The timeout system operates at two independent levels: per-call timeout (singleCallTimeout, default 2 minutes) controls individual LLM API requests using the OpenAI SDK’s built-in retry with exponential backoff (0.5s x 2^n, max 8s, 25% jitter, covering 408/429/500+ transient errors), while the task-level maxTimeMs (default 5 minutes) caps the total Agent execution time. The Agent checks all termination conditions (iteration count, token budget, repetition, time, abort signal, done tool) on every cycle, and the first condition to trigger wins.

Design Philosophy

Claude Stays in Control — External models are tools, not peers. Claude maintains full context awareness, reviews all suggestions, and executes all code modifications. This ensures the rewind mechanism works and prevents unauthorized changes from external models.

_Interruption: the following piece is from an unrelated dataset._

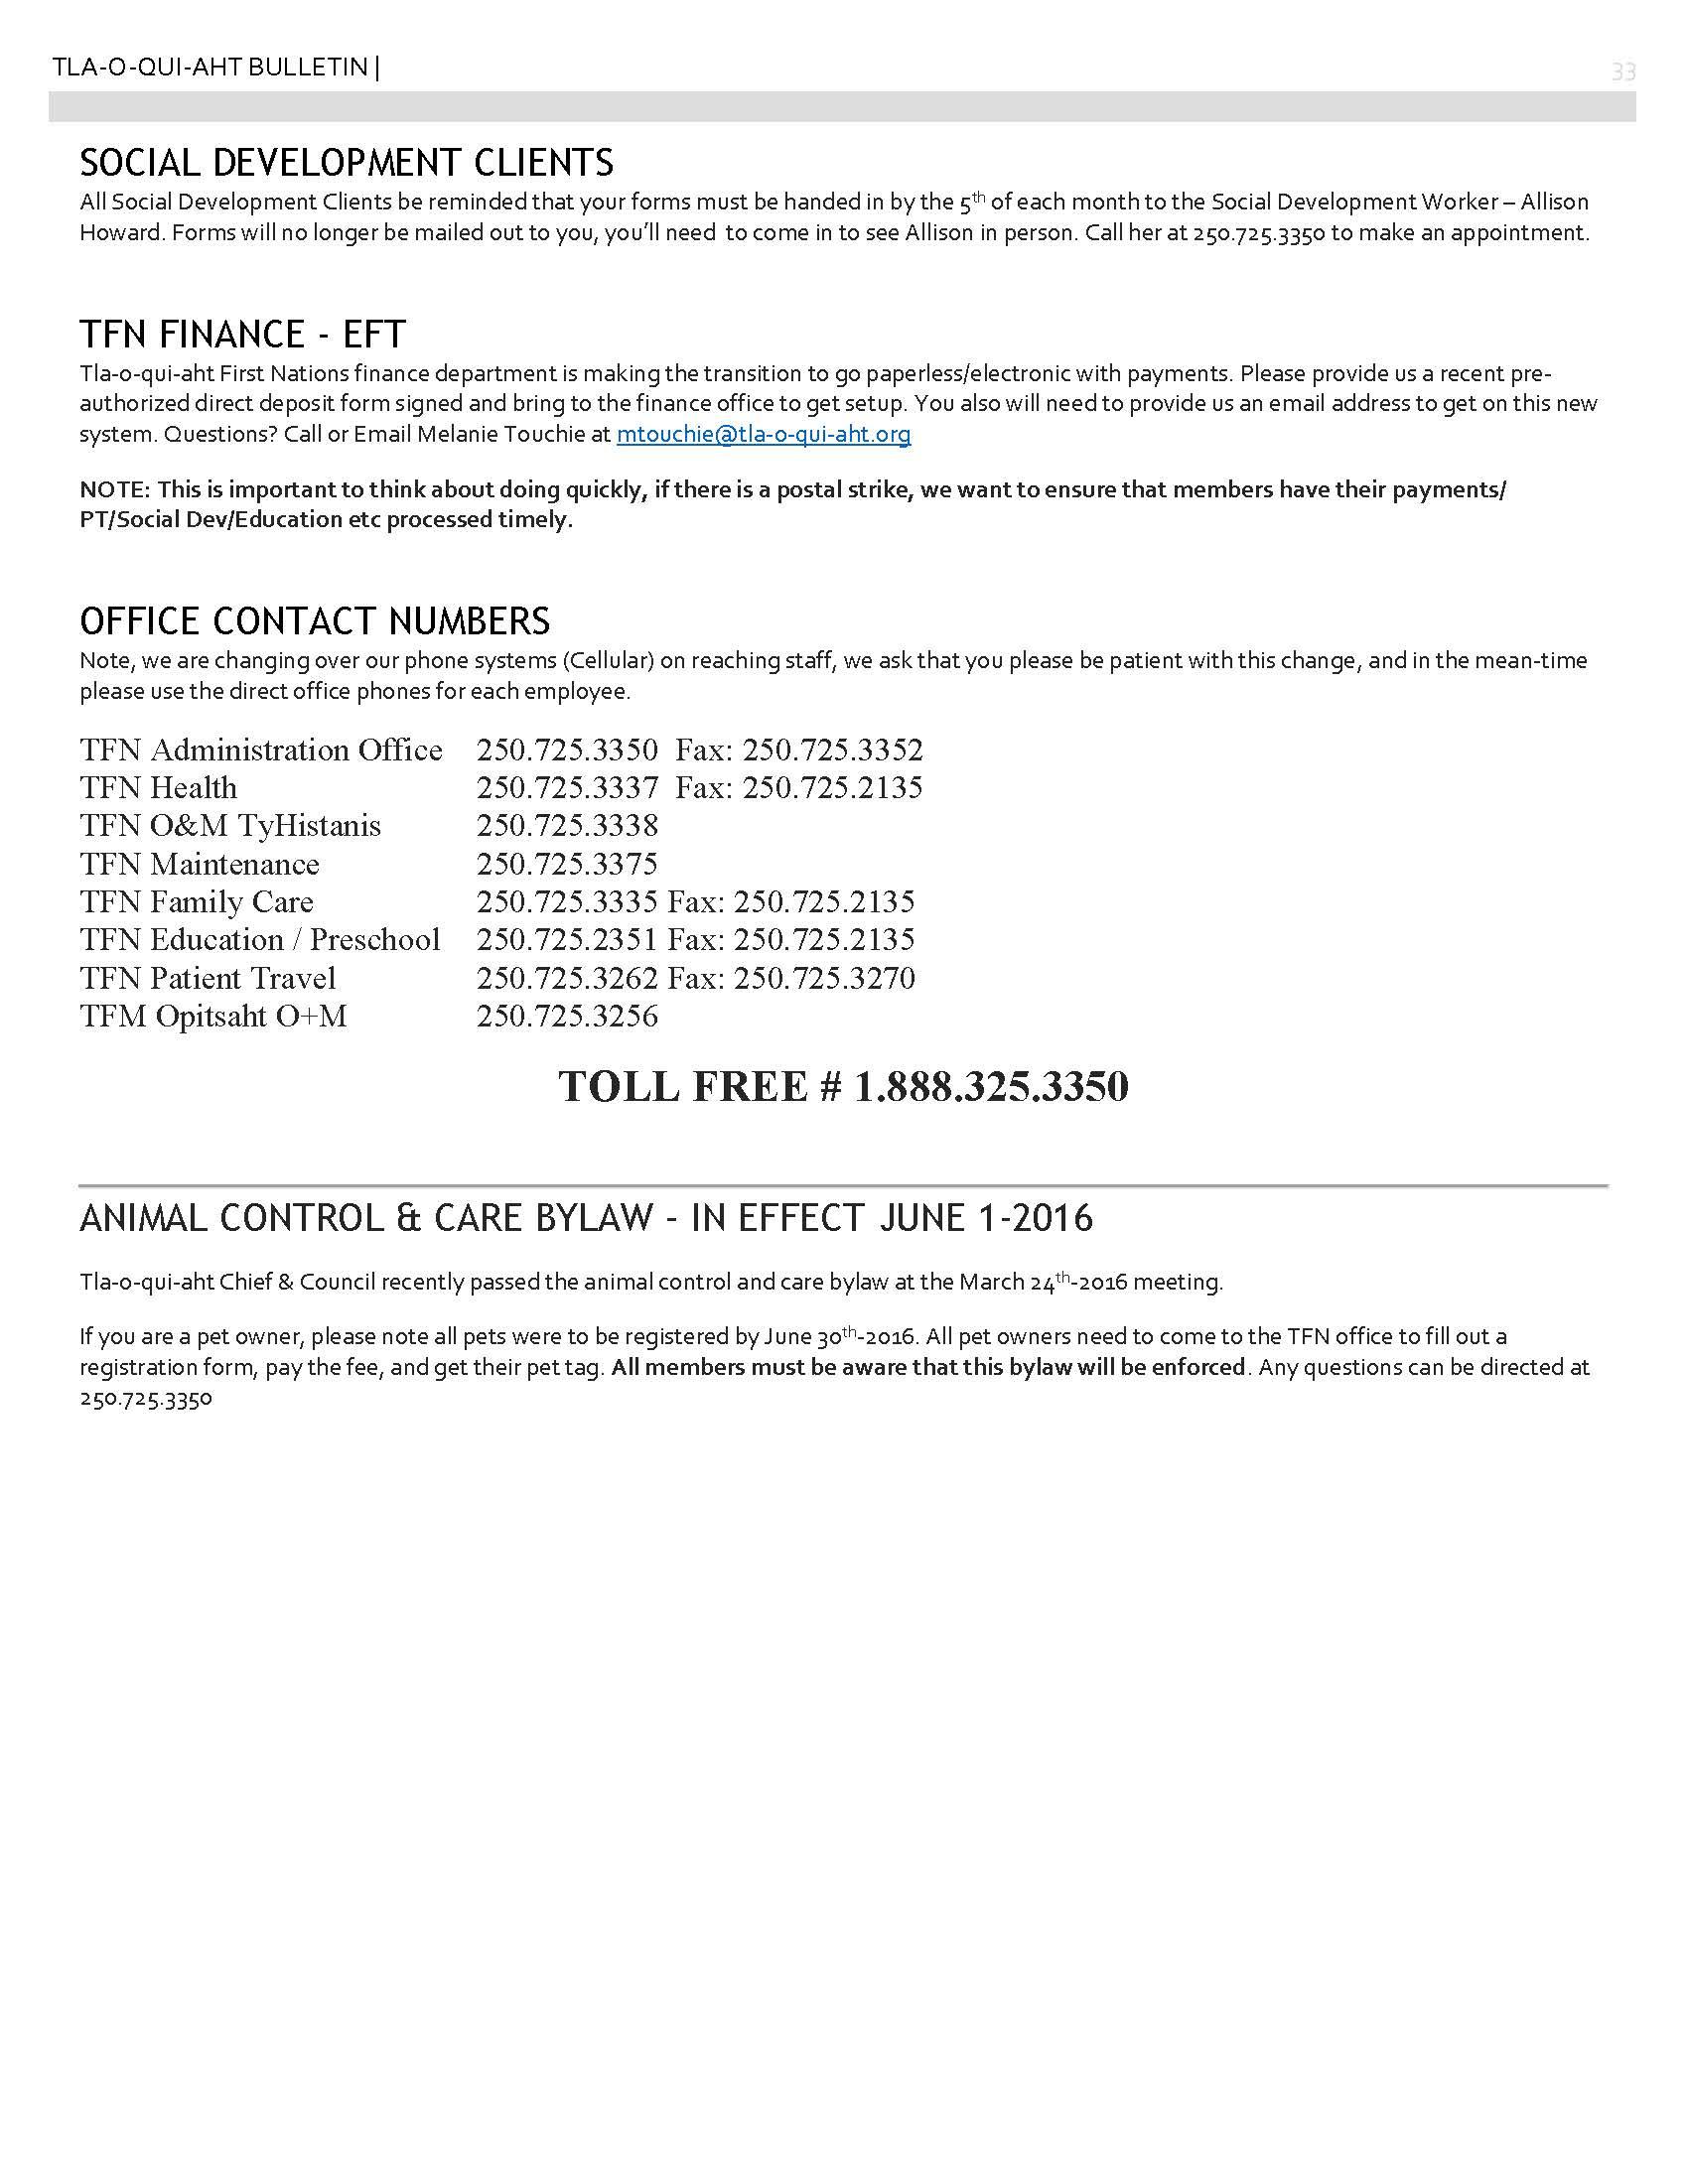 TFN Bulletin Nov 1st 2016_Page_33.jpg
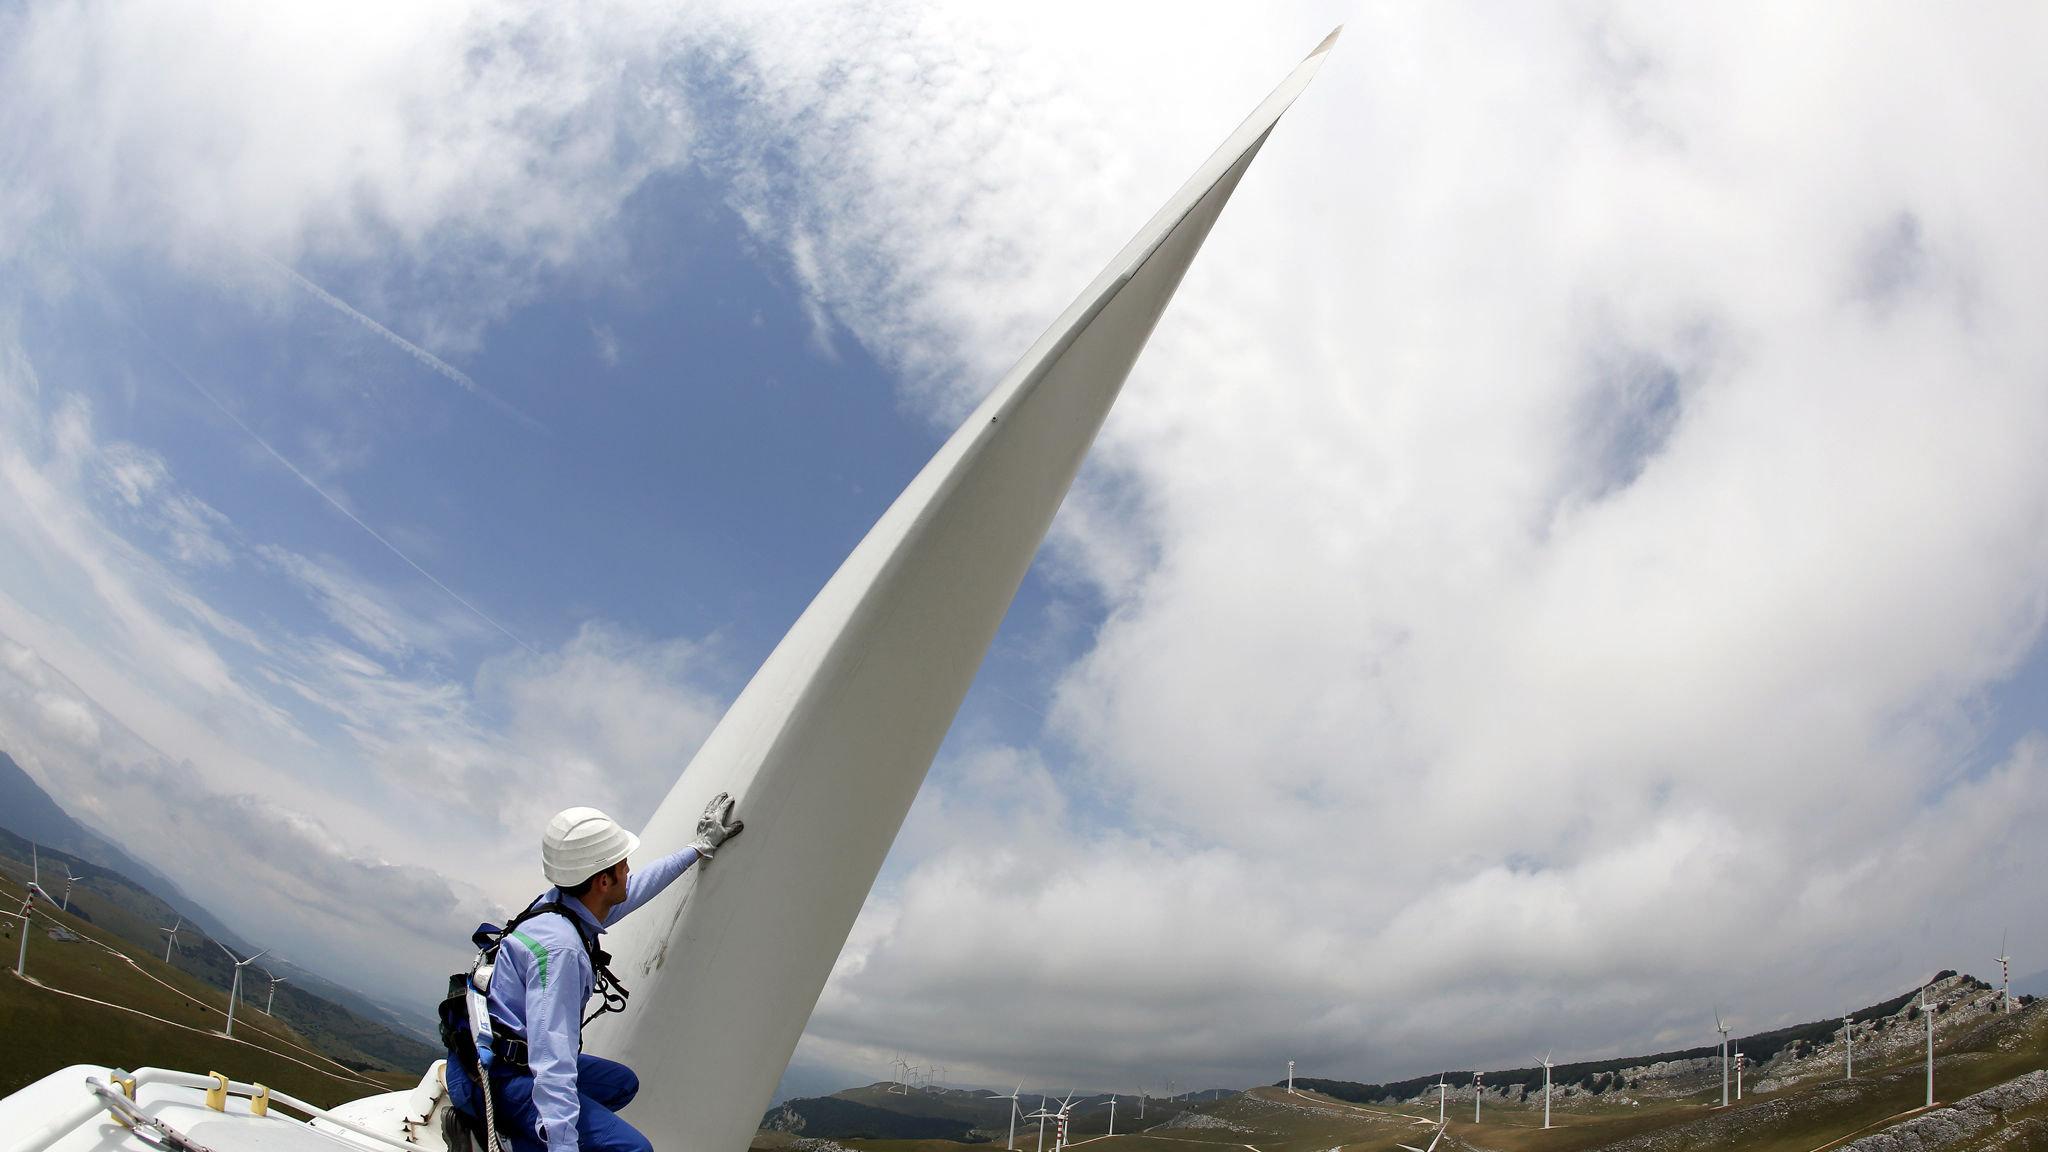 Balsa shortage threatens wind power rollout

Extensibility Through Data, Not Code — The provider framework, model routing table, and Skill definitions are all data-driven. Adding a new model, a new provider, or a new behavior pattern requires configuration changes, not architectural rewrites.

Isolation as a Feature — The Agent runs in a child process. MCP Servers self-read their configuration. Skills are optional overlays. Each component can fail independently without cascading. This isolation also enables future enhancements (sandboxed code execution, parallel agents) without restructuring the core.

Read-Only by Default — External models cannot write files, run commands, or touch git. This is not a limitation but a deliberate safety boundary. All modifications flow through Claude, creating a single auditable point of control with full rollback capability.

Progressive Complexity — Layer 1 handles 80% of use cases with simple API calls. Layer 2 activates only when the task genuinely requires multi-step reasoning. Skills add intelligence only when the base tools are insufficient. The system avoids unnecessary complexity at every level.